Hey
As part of a project I am working I have many different data types with different bit sizes I am trying to squeeze into dynamically allocated array and I encountered a weird bit of behaviour that I cannot mark as either a bug or a feature.

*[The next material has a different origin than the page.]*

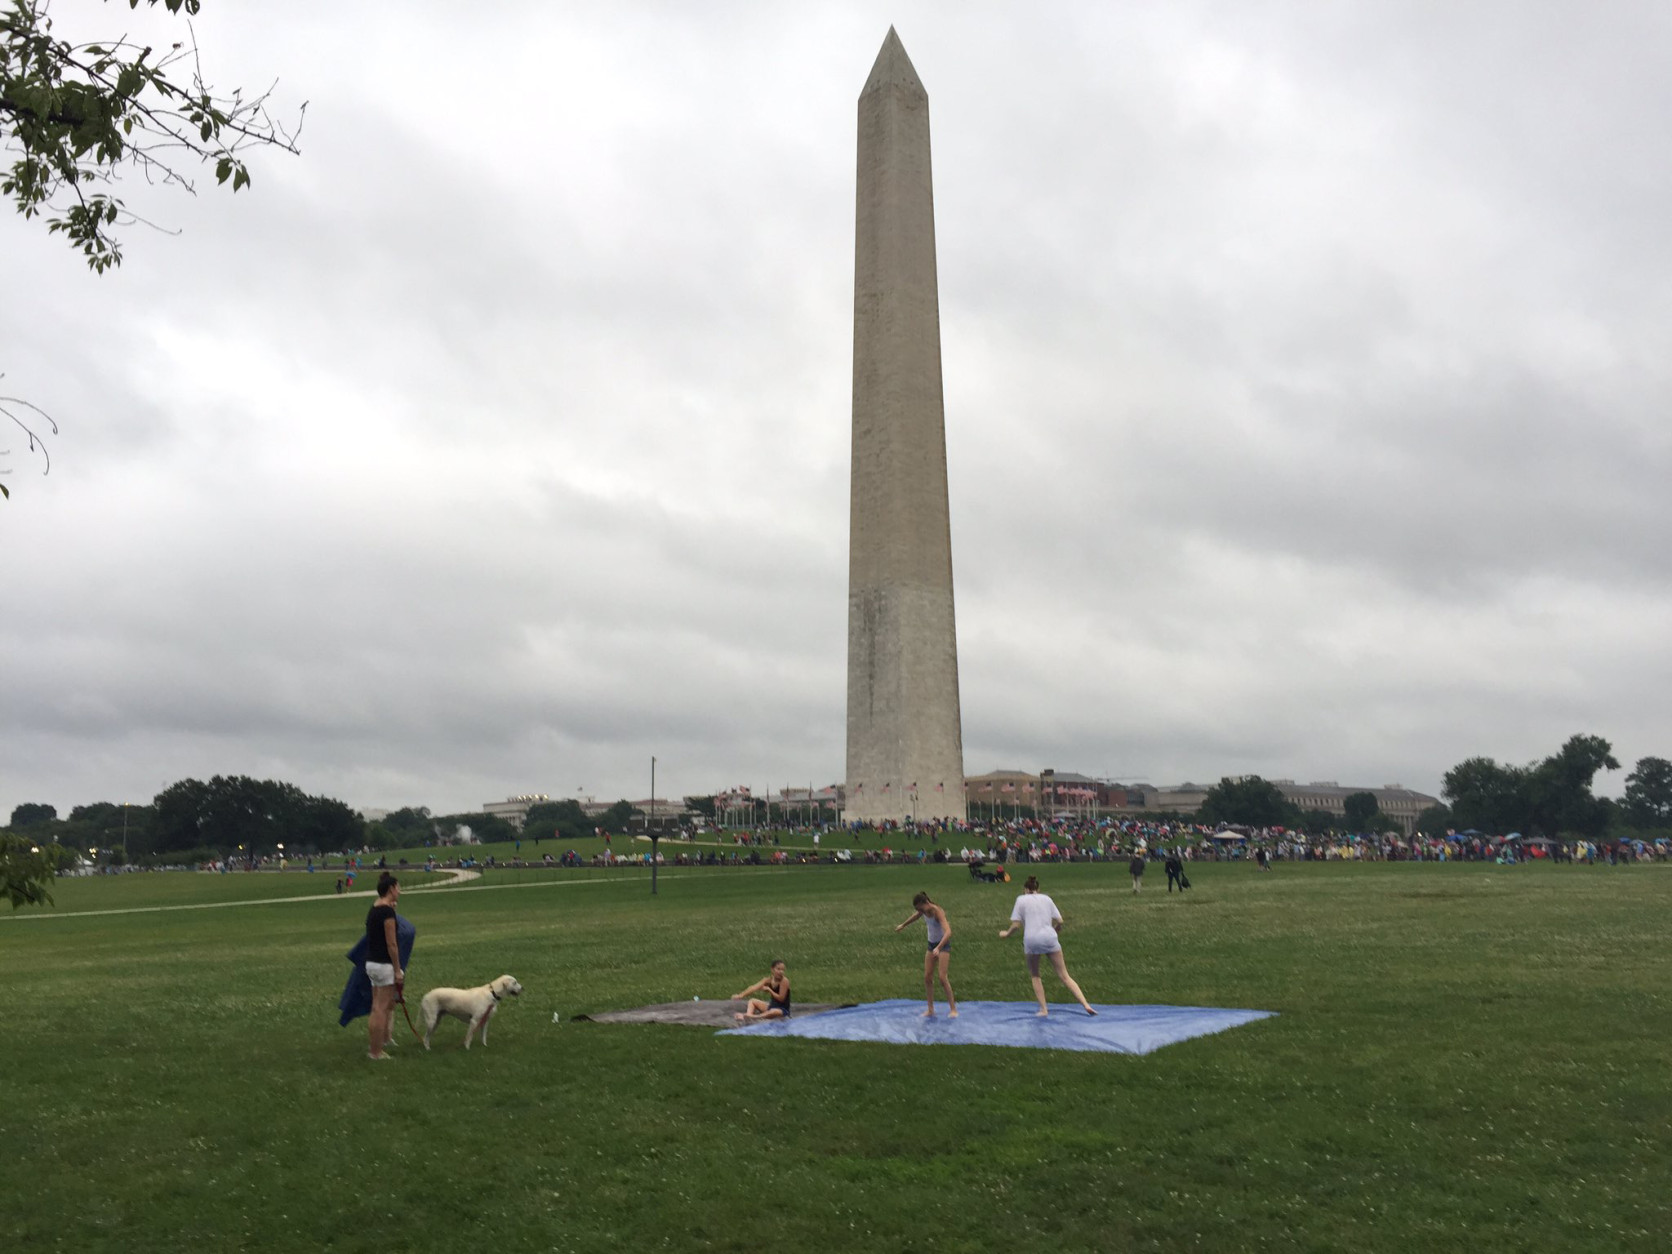 People waiting for fireworks at the National Mall made the best of the rainy weather by creating a makeshift "slip and slide" on Monday, July 4, 2016. (WTOP/Michelle Basch)

Below is is a piece of code that illustrates the problem :
#include <cuda.h>
#include <stdio.h>
#include <stdlib.h>
/**
* Function creates some values in shared memory and copies them
* to device memory
*/
__global__
void testit(char * res_b, char * res_c, float * res_d, char * bit_layout) {
// Init shared pool
extern __shared__ char spool[];
// Create some pointers to shared memory
char * thechar1 = (char *)spool;
char * thechar2 = (char *)&thechar1[1];
float * thefloat = (float *)&thechar2[1];
(*thechar2) = '*'; // Set the char to 42, this works as expected
(*thechar2) = '*'; // Set the short so that spool as a string is '**'
(*thefloat) = 1.0; // To recap layout should be = [42|42|0|0] [-128|63|X|X] with X being unknown
//Copy to device mem
(*res_b) = (*thechar1);
(*res_c) = (*thechar2);
(*res_d) = (*thefloat);
//Copy contents of spool to host
bit_layout[0] = spool[0];
bit_layout[1] = spool[1];
bit_layout[2] = spool[2];
bit_layout[3] = spool[3];
bit_layout[4] = spool[4];
bit_layout[5] = spool[5];
bit_layout[6] = spool[6];
bit_layout[7] = spool[7];
}
int main() {
char c_h;
char * c_d;
char b_h;
char * b_d;
float d_h;
float * d_d;
// Layout of shared memory
char * bitlayout_h = (char *)calloc(8, sizeof(char));
char * bitlayout_d;
size_t shared = (sizeof(char) * 2) + sizeof(short);
cudaMalloc((void**)&b_d, sizeof(char));
cudaMemset(b_d, 0, sizeof(char));
cudaMalloc((void**)&c_d, sizeof(char));
cudaMemset(c_d, 0, sizeof(char));
cudaMalloc((void**)&d_d, sizeof(float));
cudaMemset(d_d, 0, sizeof(float));
cudaMalloc((void**)&bitlayout_d, 8 * sizeof(char));
cudaMemset(bitlayout_d, 0, 8 * sizeof(char));
//Only one thread, no race conditions
testit<<<1, 1, shared>>>(b_d, c_d, d_d, bitlayout_d);
cudaMemcpy(&b_h, b_d, sizeof(char), cudaMemcpyDeviceToHost);
cudaMemcpy(&c_h, c_d, sizeof(char), cudaMemcpyDeviceToHost);
cudaMemcpy(&d_h, d_d, sizeof(float), cudaMemcpyDeviceToHost);
cudaMemcpy(bitlayout_h, bitlayout_d, 8 * sizeof(char), cudaMemcpyDeviceToHost);
cudaFree(b_d);
cudaFree(c_d);
cudaFree(d_d);
cudaFree(bitlayout_d);
printf("Char 1: %c Char 2: %c The Float: %f\n", b_h, c_h, d_h);
printf("Expected bitlayout: [42|42|0|0] [-128|63|X|X]\n");
printf("Bitlayout: [%i|%i|%i|%i] [%i|%i|%i|%i]\n", (int)bitlayout_h[0],
(int)bitlayout_h[1],
(int)bitlayout_h[2],
(int)bitlayout_h[3],
(int)bitlayout_h[4],
(int)bitlayout_h[5],
(int)bitlayout_h[6],
(int)bitlayout_h[7]);
free(bitlayout_h);
}
On output I get the following :
Char 1: Char 2: The Float: 1.000000
Expected bitlayout: [42|42|0|0] [-128|63|X|X]
Bitlayout: [0|0|-128|63] [0|14|0|1]
It appears that the float is being written to the whole 32 bit chunk into the first bank of shared memory, erasing anything that was there previously. I have also done it with writing 3 chars and 1 short, when I did this the last of the 3 chars was overwritten.
Basically the problem is that when writing to a pointer where the value has to spill over into an adjacent shared memory bank it spills up to a bank with values already written, erasing them.
I have run this on two different cards: one an old 8800 GTX with a G80 chip and a Quadro NVS 290 both with similar results, I also single stepped it running on the 290 with the debugger and saw the changes as they occurred. Both times I was running Ubuntu Linux with cuda SDK version 2.2 installed.
So my question is this a bug or a feature? Is it documented? If it is documented where is it because I could not find anything about it.